L.A. County may soon have a “living wage ordinance” of its own although one considerably weaker than the measure adopted by the city of Los Angeles last year.

The county measure, sponsored by Supervisor Yvonne Brathwaite Burke, would only require contractors to disclose the wages they pay their lowest-paid workers. It also would give contractors who pay the higher wage and benefits a leg up in the bidding for county contracts although how much of a boost has not yet been determined.

The proposal does not require all contractors to actually pay a living wage, like the ordinance passed by the L.A. City Council last year. That law calls for contractors pay at least $7.25 an hour with benefits or $8.50 an hour without benefits although in the year since the city’s living wage ordinance was passed, most city departments have not regularly enforced the measure.
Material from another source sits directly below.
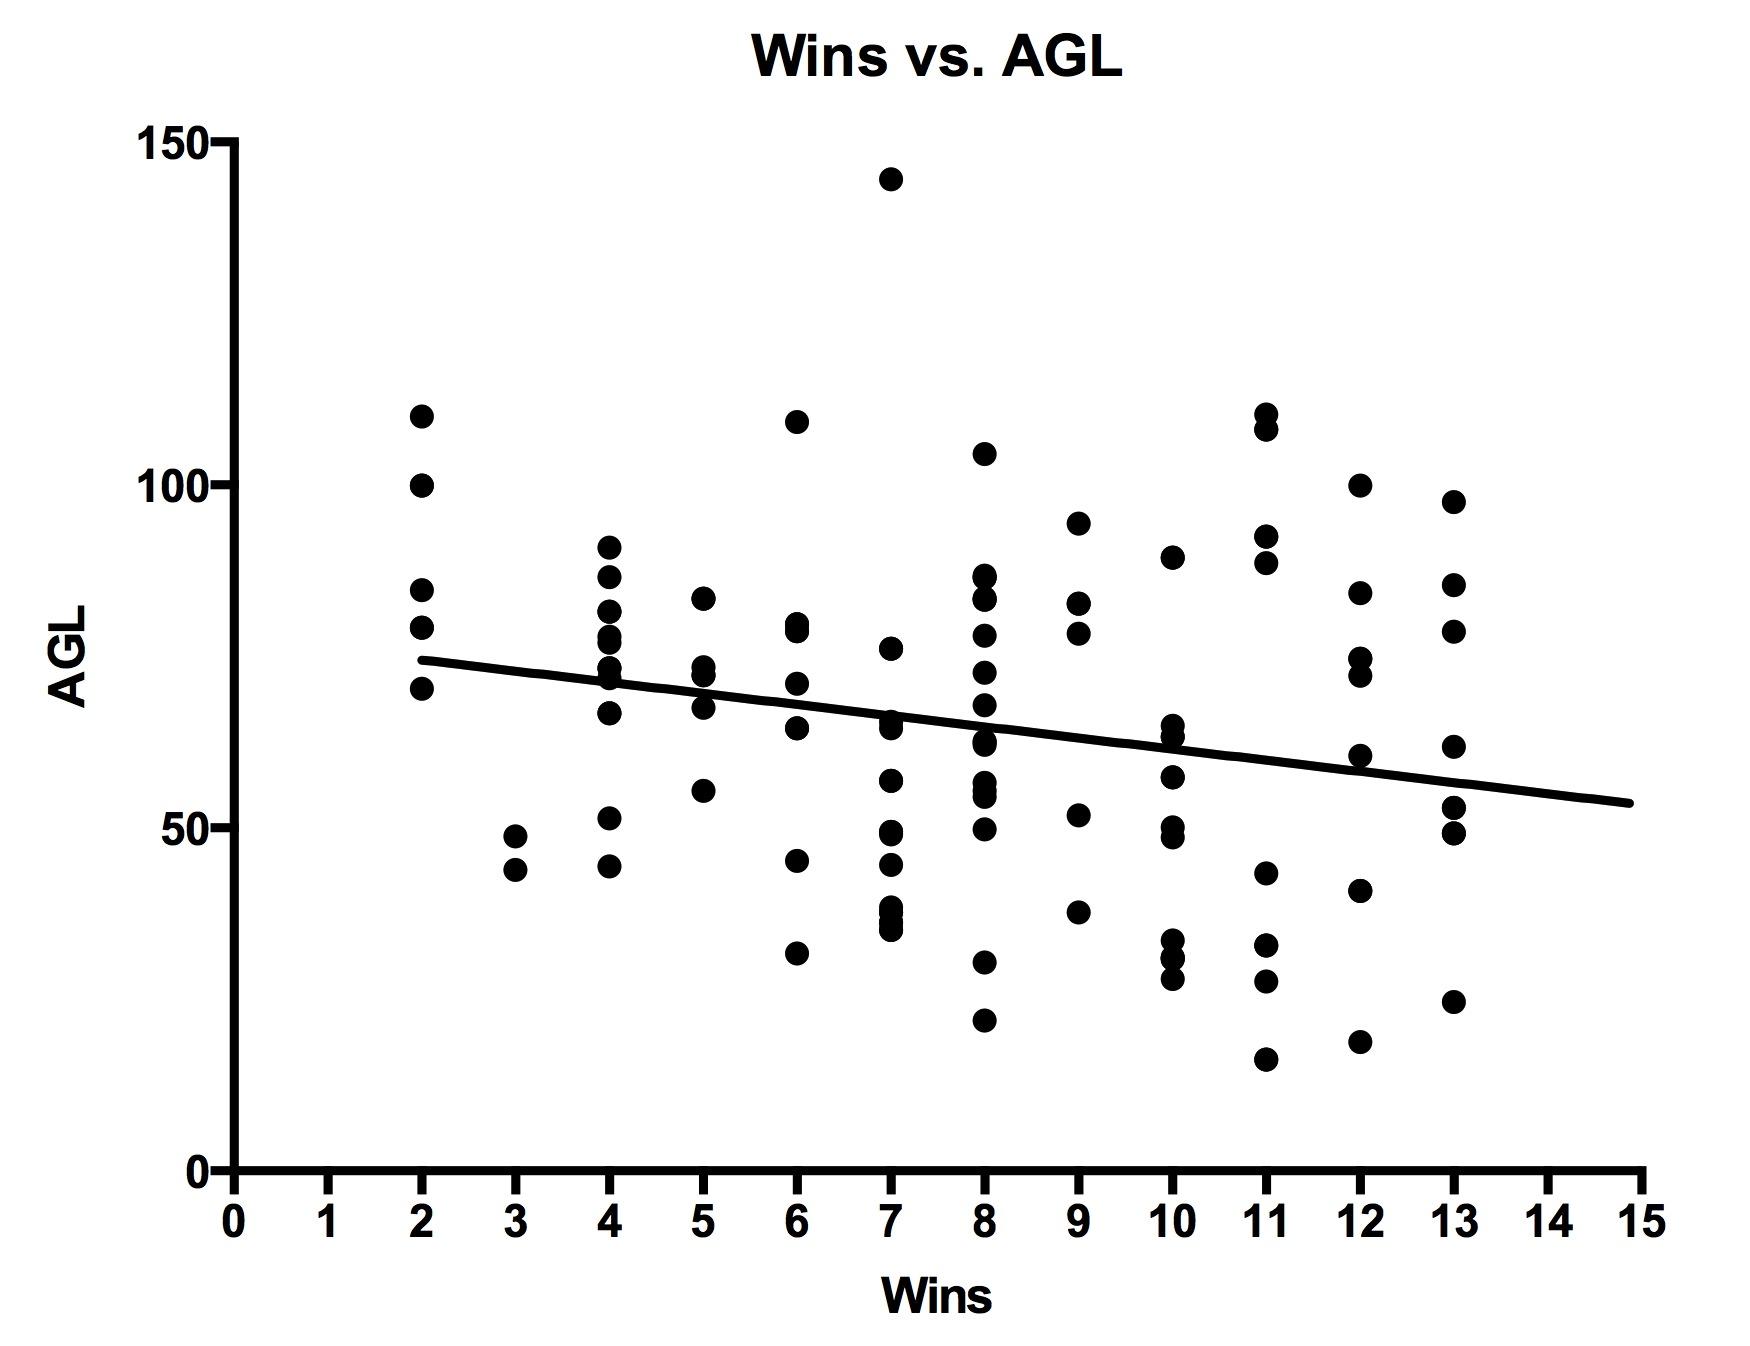 AGL vs. wins

Labor leaders acknowledge that the more conservative Board of Supervisors is unlikely to support a living wage statute like the city’s. Two of the five members, Don Knabe and Michael D. Antonovich, oppose even the watered-down measure sponsored by Burke.
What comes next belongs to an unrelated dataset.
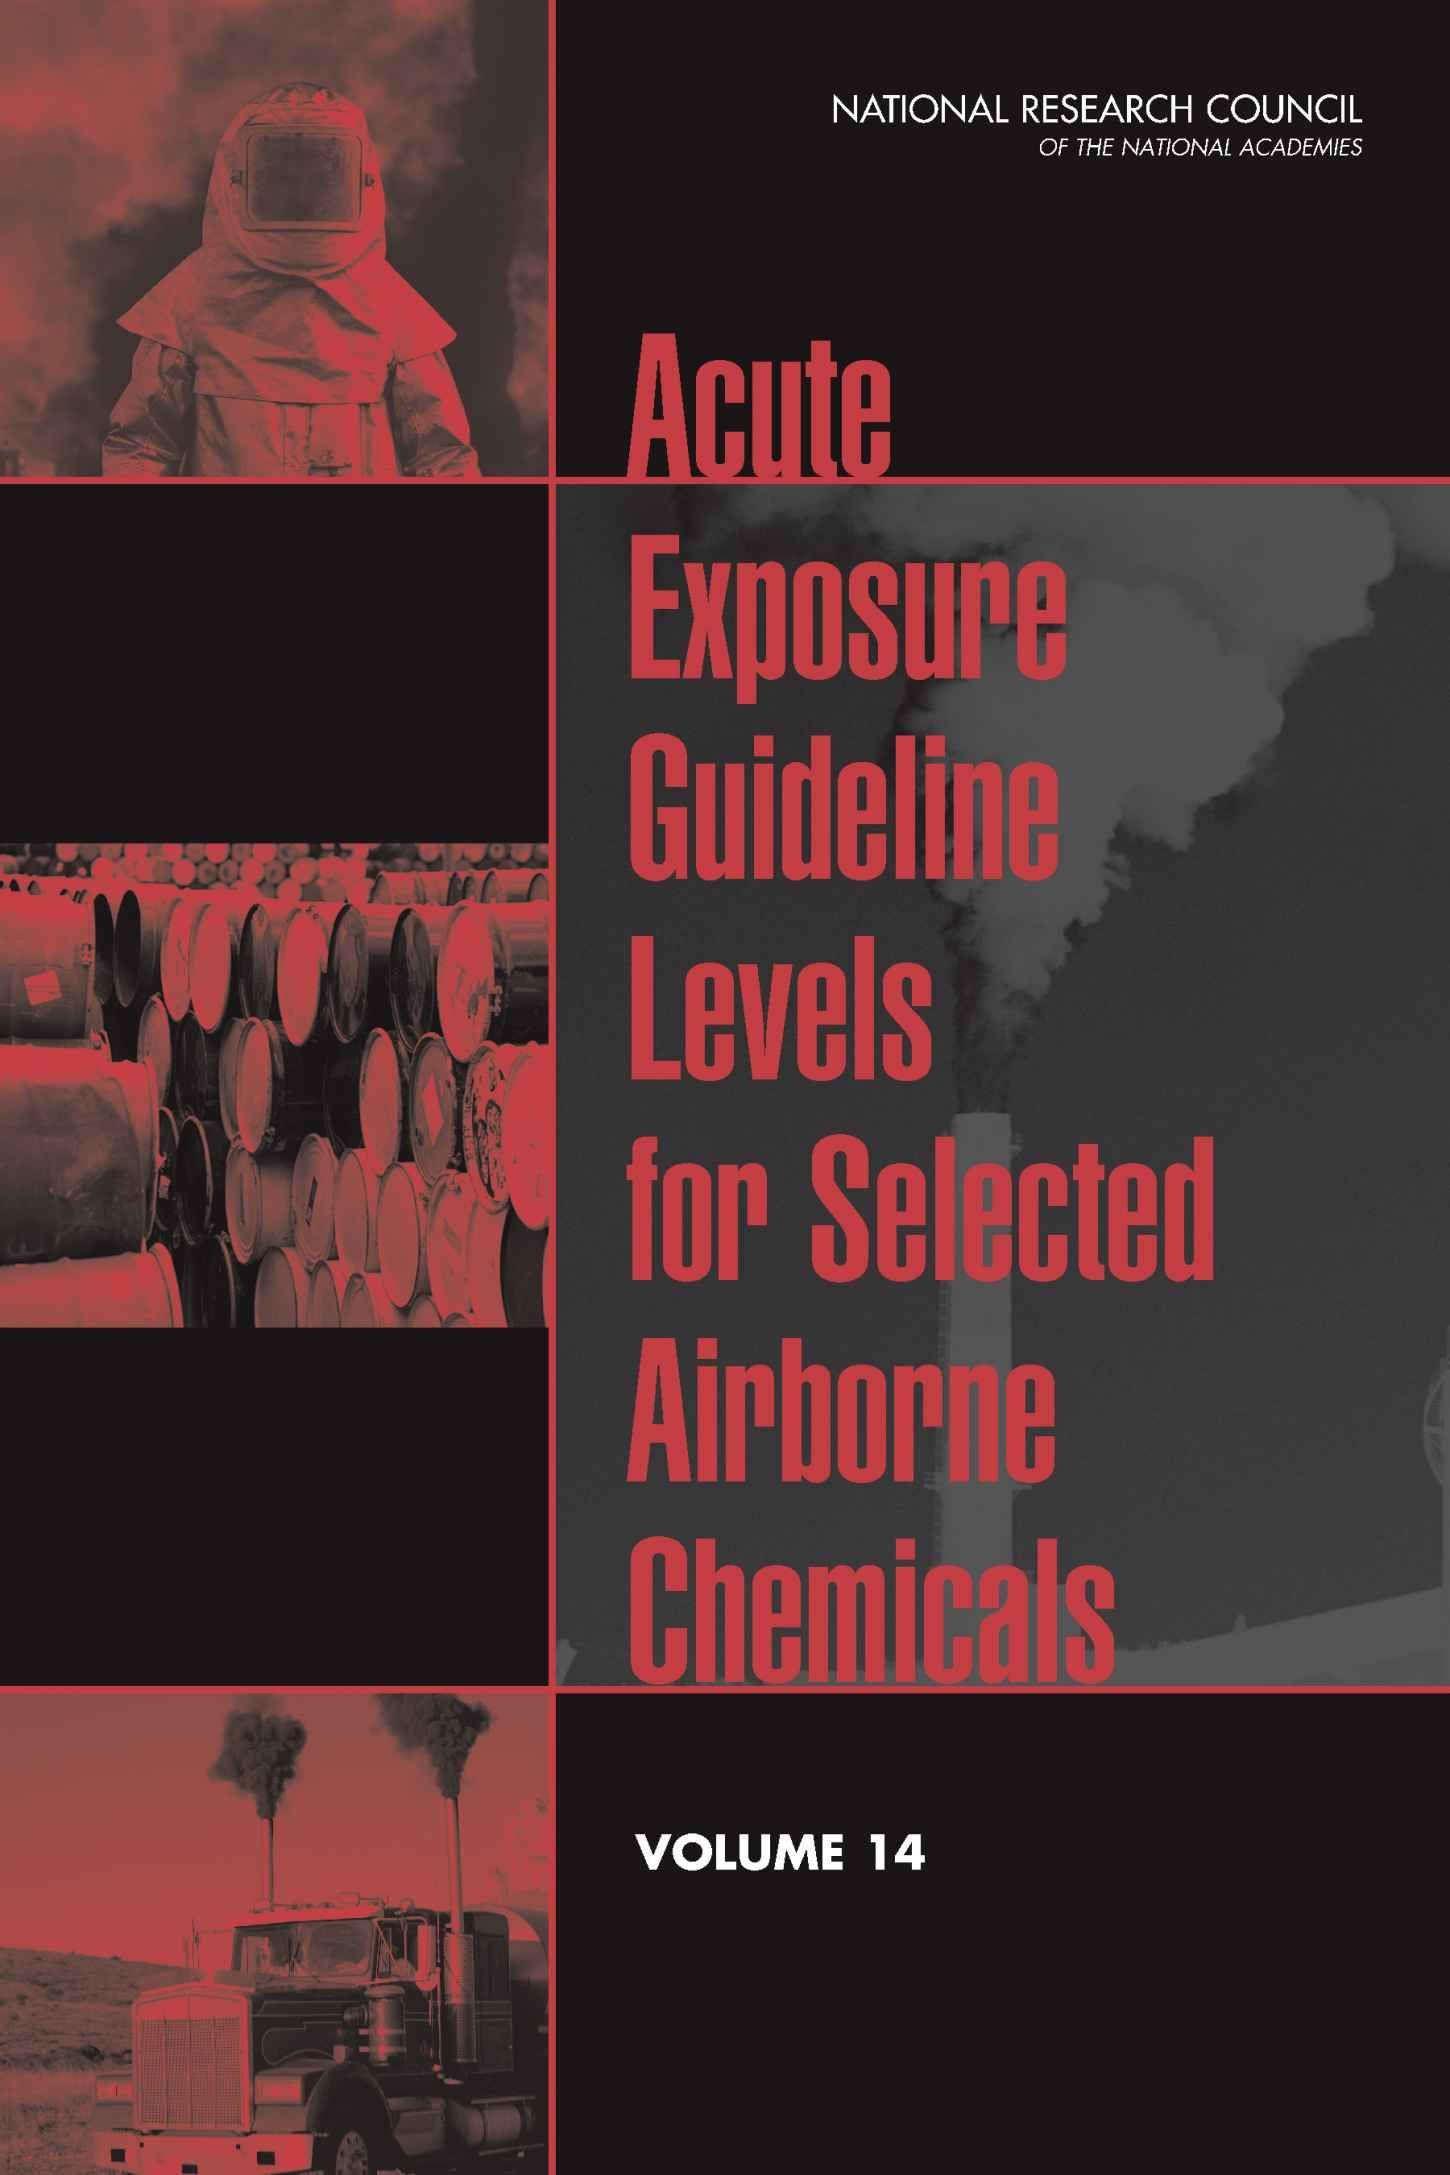 Week of August 26, 2013 Environmental studies, Airborne

Of the other members, Burke said she would want to examine the success of the city measure before adopting a similar law at the county level. Supervisors Gloria Molina and Zev Yaroslavsky didn’t want to discuss the measure.

“I don’t think a living wage ordinance like the city’s would get through the board right now, not without a major campaign,” said Tirana Silton, coordinator of the internal building services division at Service Employees International Union Local 1877. “We’re trying a different tactic that we hope will get to the same goal.”

While problems have surfaced at the city level, Burke nonetheless believes that some measure should be adopted. When employers fail to pay workers sufficient wages or provide health insurance, she said, the taxpayers ultimately pick up the tab in social service spending.

“We have an issue of bad business practice here that must be addressed,” she said. “We are choosing the low bidder without considering the cost to us down the road from contract employees without benefits turning to county health services. We need to factor this into our contracting process.”

The proposal was approved in concept on a 3-2 vote last April, with Antonovich and Knabe dissenting. The board instructed county staff to come back by the end of July with recommendations on what the living wage would be, and how much extra credit points companies would get on their bids for paying the living wage to their employees.

Antonovich spokesman Cam Currier said the proposal would hurt small businesses because they can least afford to endure another wage increase on top of the four minimum wage increases in the past two years. Currier also cited a County Administrative Office report that said the county would pay $22 million more in the form of higher contracts to bidders who pay the living wage.

The Los Angeles Area Chamber of Commerce gave a brief statement opposing the concept approved by supervisors, saying it would be burdensome on small businesses and would send an anti-business message.

“We’re pushing our case very hard with Supervisor Burke, who has said in the past that she is a supporter of small and mid-sized businesses getting procurements,” said Chamber legislative affairs director Anita Zusman.